Learn data science fundamentals by running interactive notebooks with explanations and code side by side.
Find working examples of how to use libraries like pandas, scikit-learn, or TensorFlow without building from scratch.
Explore deep learning, traditional machine learning, and big data processing techniques with executable code.
Reference common data manipulation and visualization patterns when building your own data science projects.
TensorFlow and Spark dependencies require installation; Jupyter notebook environment setup needed.

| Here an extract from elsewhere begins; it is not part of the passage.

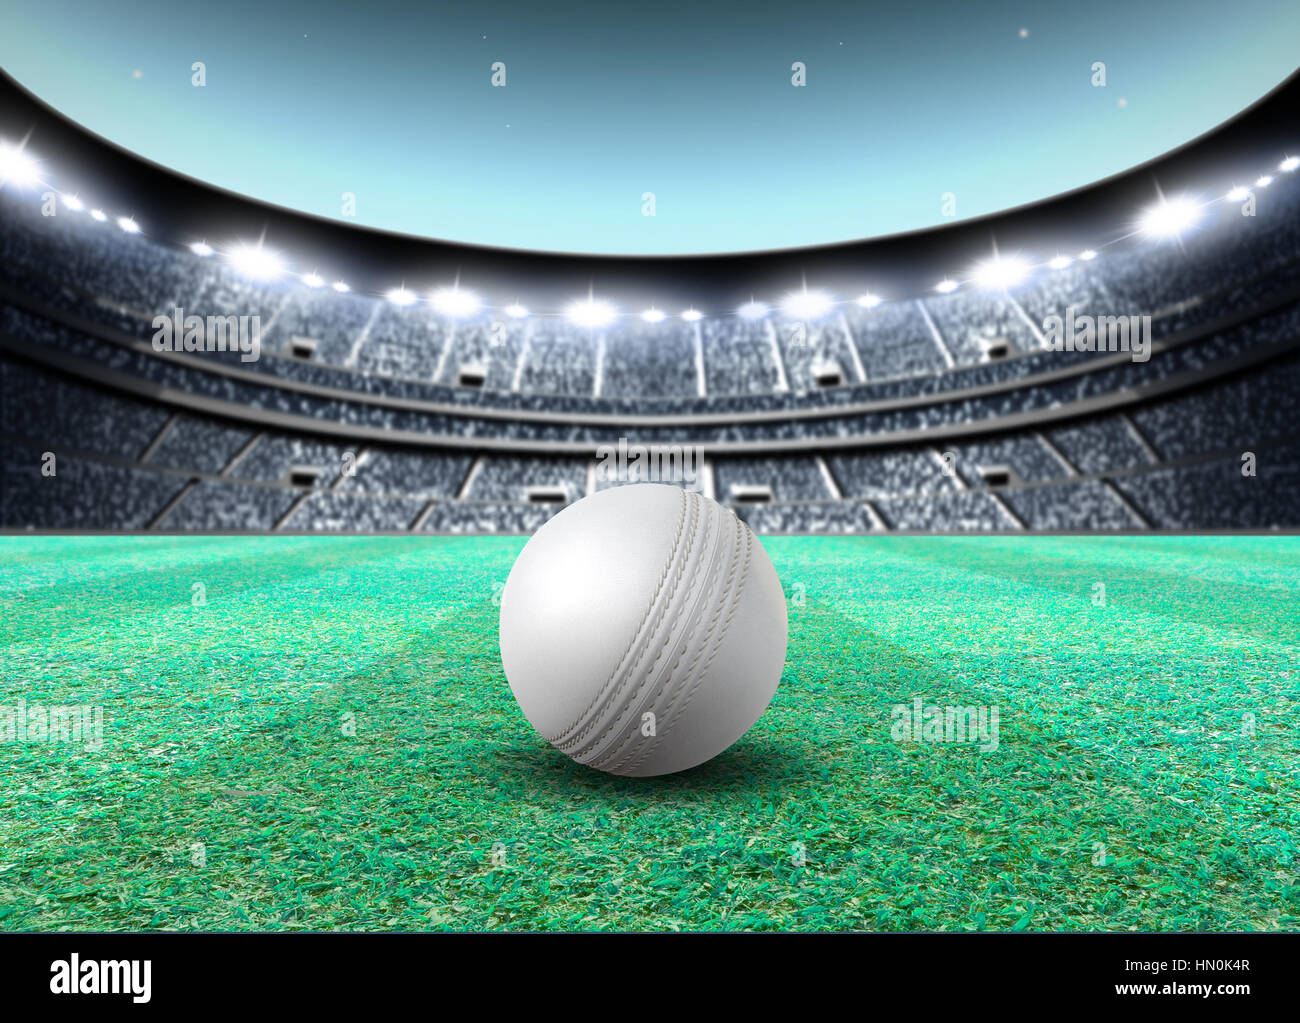 Eine generische sitzenden Cricket-Stadion mit einem weißen Ball auf einem grünen Rasen nachts beleuchteten Flutlicht - 3D render Stockfoto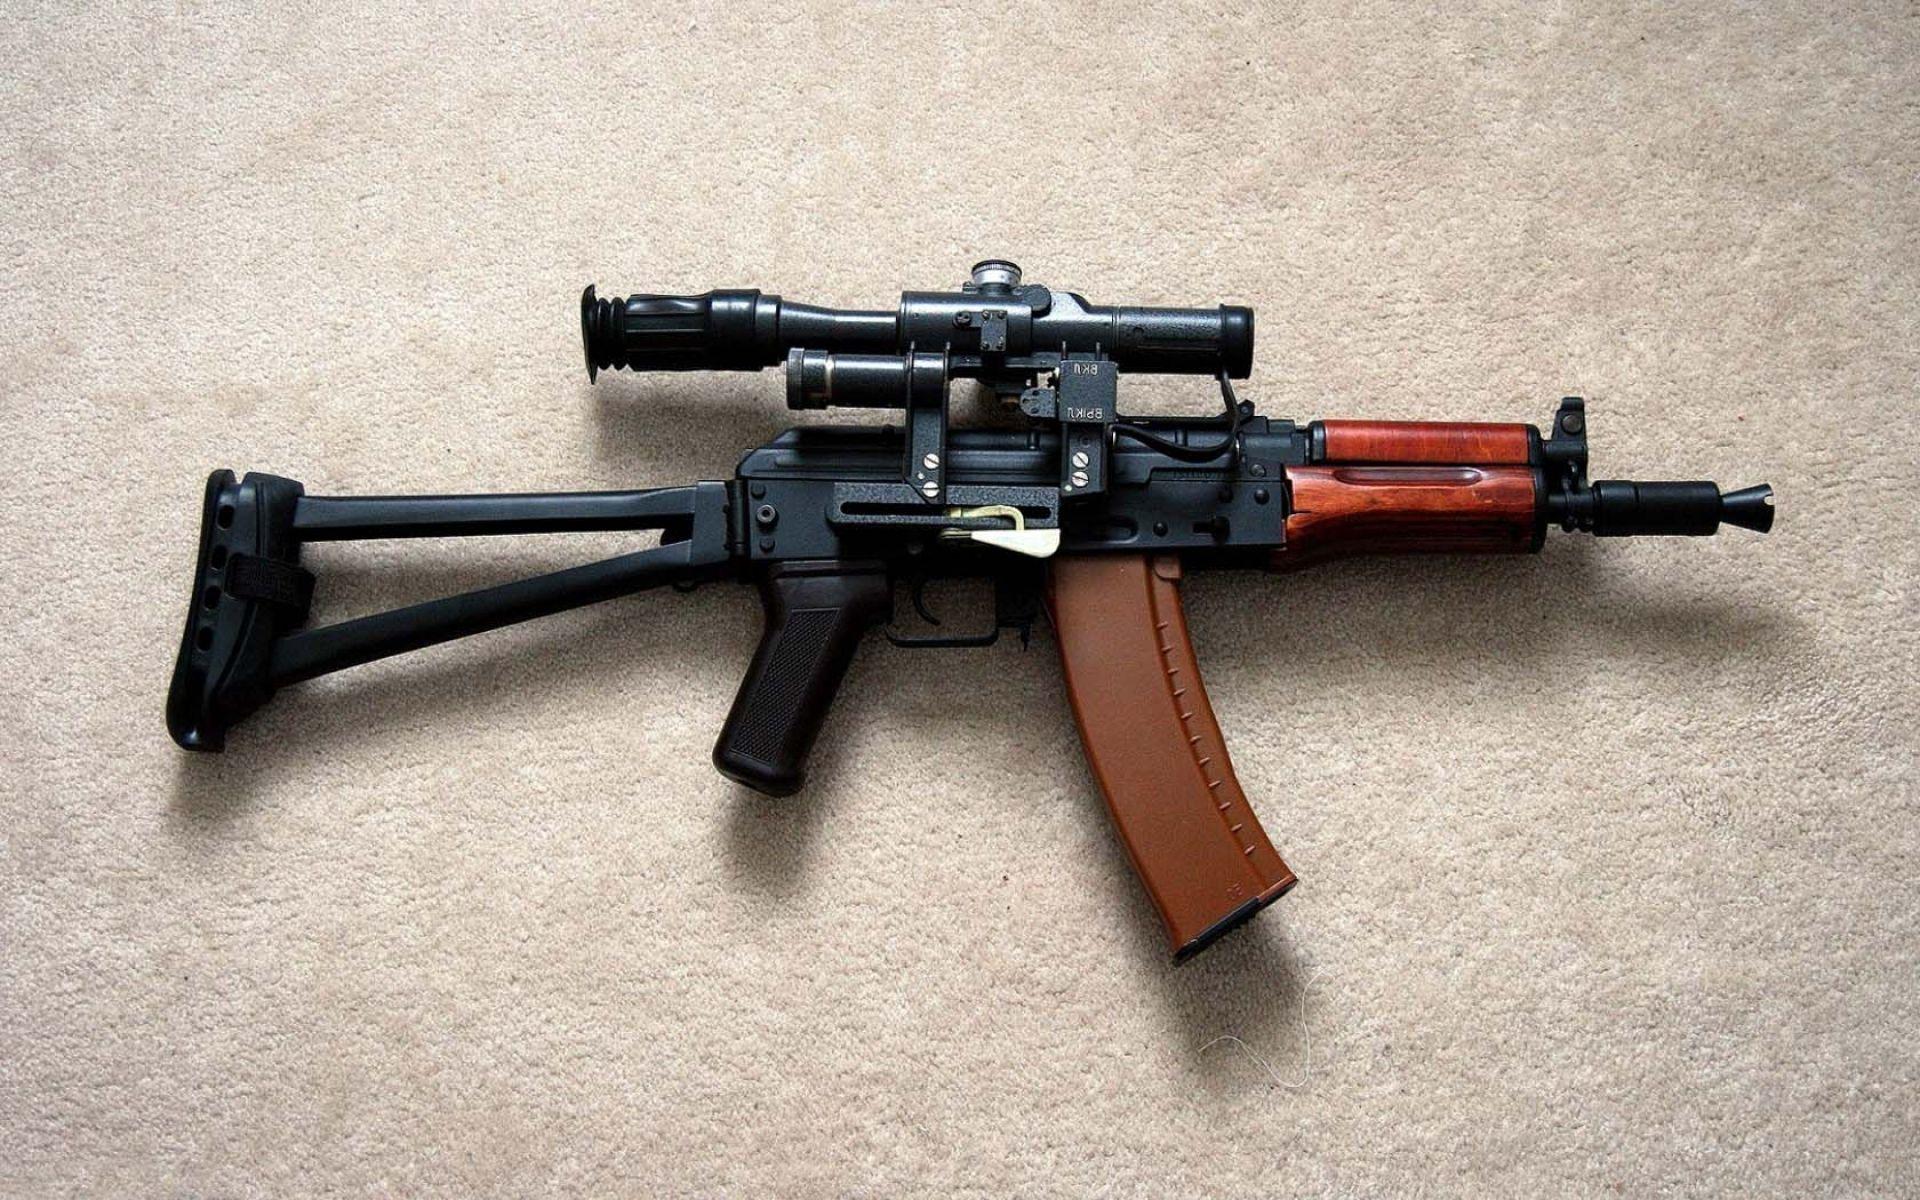 AK 47 Assault Rifle. HD Guns Wallpaper For Mobile And Desktop

This repository is a large collection of Jupyter notebooks, interactive documents that combine written explanation with runnable Python code, covering a wide range of data science topics. The problem it solves is giving learners and practitioners a single organized reference for the most common tools and techniques used in data science and machine learning. The notebooks are organized by topic. There are sections on deep learning using TensorFlow, Theano, Keras, and Caffe; on scikit-learn for traditional machine learning tasks like classification and regression; on pandas and NumPy for manipulating data; on matplotlib for creating charts; on Spark and Hadoop MapReduce for processing very large datasets that don't fit on a single machine; on working with Amazon Web Services; and on Python fundamentals. There are also notebooks from Kaggle, which is a platform that hosts data science competitions. Each notebook walks through a concept with working code examples, making it easy to see both the explanation and the actual output side by side. You can open any notebook, run the code, and experiment with it directly. You would use this repository when you are learning data science or machine learning in Python, or when you want a quick working example of how to use a particular library or technique without starting from scratch.
Generated 2026-05-18 · Model: sonnet-4-6 · Verify against the repo before relying on details.